[Stored data]
════
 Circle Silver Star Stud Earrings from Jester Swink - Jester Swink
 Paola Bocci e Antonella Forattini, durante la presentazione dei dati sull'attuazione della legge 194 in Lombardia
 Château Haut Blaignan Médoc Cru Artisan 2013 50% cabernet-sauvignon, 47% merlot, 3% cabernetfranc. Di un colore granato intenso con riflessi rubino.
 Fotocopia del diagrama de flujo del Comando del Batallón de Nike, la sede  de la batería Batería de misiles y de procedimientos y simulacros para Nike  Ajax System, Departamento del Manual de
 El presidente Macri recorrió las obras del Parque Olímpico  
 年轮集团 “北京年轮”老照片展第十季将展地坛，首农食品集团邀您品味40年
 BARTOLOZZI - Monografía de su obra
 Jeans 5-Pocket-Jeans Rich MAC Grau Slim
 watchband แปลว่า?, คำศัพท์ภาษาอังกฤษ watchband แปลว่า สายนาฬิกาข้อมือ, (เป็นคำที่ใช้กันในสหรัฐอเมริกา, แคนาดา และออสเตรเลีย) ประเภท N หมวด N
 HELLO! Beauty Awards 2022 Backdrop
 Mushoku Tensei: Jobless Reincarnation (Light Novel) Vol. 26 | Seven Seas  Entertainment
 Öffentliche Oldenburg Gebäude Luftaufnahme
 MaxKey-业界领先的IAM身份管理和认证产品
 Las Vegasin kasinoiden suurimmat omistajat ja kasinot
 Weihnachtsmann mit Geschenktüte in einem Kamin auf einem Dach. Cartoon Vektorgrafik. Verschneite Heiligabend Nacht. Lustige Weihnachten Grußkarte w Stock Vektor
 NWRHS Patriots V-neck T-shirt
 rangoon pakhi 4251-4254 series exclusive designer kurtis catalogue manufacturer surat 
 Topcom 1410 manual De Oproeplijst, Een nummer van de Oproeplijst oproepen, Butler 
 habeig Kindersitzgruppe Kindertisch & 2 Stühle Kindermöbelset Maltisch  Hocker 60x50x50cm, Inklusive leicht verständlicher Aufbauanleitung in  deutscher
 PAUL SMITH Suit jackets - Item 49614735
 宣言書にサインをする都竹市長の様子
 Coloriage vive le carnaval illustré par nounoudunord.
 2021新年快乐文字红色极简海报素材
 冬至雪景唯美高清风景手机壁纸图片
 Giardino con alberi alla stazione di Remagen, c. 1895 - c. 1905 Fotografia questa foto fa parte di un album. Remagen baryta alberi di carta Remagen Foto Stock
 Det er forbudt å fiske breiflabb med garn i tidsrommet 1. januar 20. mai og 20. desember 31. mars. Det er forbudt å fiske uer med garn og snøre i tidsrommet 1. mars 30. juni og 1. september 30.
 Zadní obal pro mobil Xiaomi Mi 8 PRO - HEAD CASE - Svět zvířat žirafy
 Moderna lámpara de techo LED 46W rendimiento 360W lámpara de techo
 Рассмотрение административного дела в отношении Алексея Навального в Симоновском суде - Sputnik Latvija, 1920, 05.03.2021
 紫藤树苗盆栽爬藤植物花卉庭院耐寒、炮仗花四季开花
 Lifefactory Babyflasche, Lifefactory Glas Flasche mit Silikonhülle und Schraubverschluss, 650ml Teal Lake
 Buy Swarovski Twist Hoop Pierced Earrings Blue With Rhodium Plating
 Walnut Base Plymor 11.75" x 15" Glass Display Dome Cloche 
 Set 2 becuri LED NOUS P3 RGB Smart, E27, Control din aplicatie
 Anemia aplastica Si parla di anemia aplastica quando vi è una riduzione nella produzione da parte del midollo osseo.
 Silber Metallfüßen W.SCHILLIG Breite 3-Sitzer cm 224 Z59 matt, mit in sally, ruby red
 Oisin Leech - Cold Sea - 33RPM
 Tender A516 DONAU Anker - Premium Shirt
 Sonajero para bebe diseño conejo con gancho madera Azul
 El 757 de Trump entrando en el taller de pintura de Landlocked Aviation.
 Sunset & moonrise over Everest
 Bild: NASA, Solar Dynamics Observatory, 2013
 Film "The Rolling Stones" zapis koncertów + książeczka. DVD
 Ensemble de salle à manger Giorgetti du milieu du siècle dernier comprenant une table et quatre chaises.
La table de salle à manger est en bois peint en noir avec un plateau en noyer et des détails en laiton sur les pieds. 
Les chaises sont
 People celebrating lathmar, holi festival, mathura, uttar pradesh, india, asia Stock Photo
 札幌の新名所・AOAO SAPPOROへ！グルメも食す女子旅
════
## What is needed
Set down exactly the lines from the one that contains "紫藤树苗盆栽爬藤植物花卉庭院耐寒、炮仗花四季开花" to the final line above, both included, and nothing more.

## Task response
 紫藤树苗盆栽爬藤植物花卉庭院耐寒、炮仗花四季开花
 Lifefactory Babyflasche, Lifefactory Glas Flasche mit Silikonhülle und Schraubverschluss, 650ml Teal Lake
 Buy Swarovski Twist Hoop Pierced Earrings Blue With Rhodium Plating
 Walnut Base Plymor 11.75" x 15" Glass Display Dome Cloche 
 Set 2 becuri LED NOUS P3 RGB Smart, E27, Control din aplicatie
 Anemia aplastica Si parla di anemia aplastica quando vi è una riduzione nella produzione da parte del midollo osseo.
 Silber Metallfüßen W.SCHILLIG Breite 3-Sitzer cm 224 Z59 matt, mit in sally, ruby red
 Oisin Leech - Cold Sea - 33RPM
 Tender A516 DONAU Anker - Premium Shirt
 Sonajero para bebe diseño conejo con gancho madera Azul
 El 757 de Trump entrando en el taller de pintura de Landlocked Aviation.
 Sunset & moonrise over Everest
 Bild: NASA, Solar Dynamics Observatory, 2013
 Film "The Rolling Stones" zapis koncertów + książeczka. DVD
 Ensemble de salle à manger Giorgetti du milieu du siècle dernier comprenant une table et quatre chaises.
La table de salle à manger est en bois peint en noir avec un plateau en noyer et des détails en laiton sur les pieds. 
Les chaises sont
 People celebrating lathmar, holi festival, mathura, uttar pradesh, india, asia Stock Photo
 札幌の新名所・AOAO SAPPOROへ！グルメも食す女子旅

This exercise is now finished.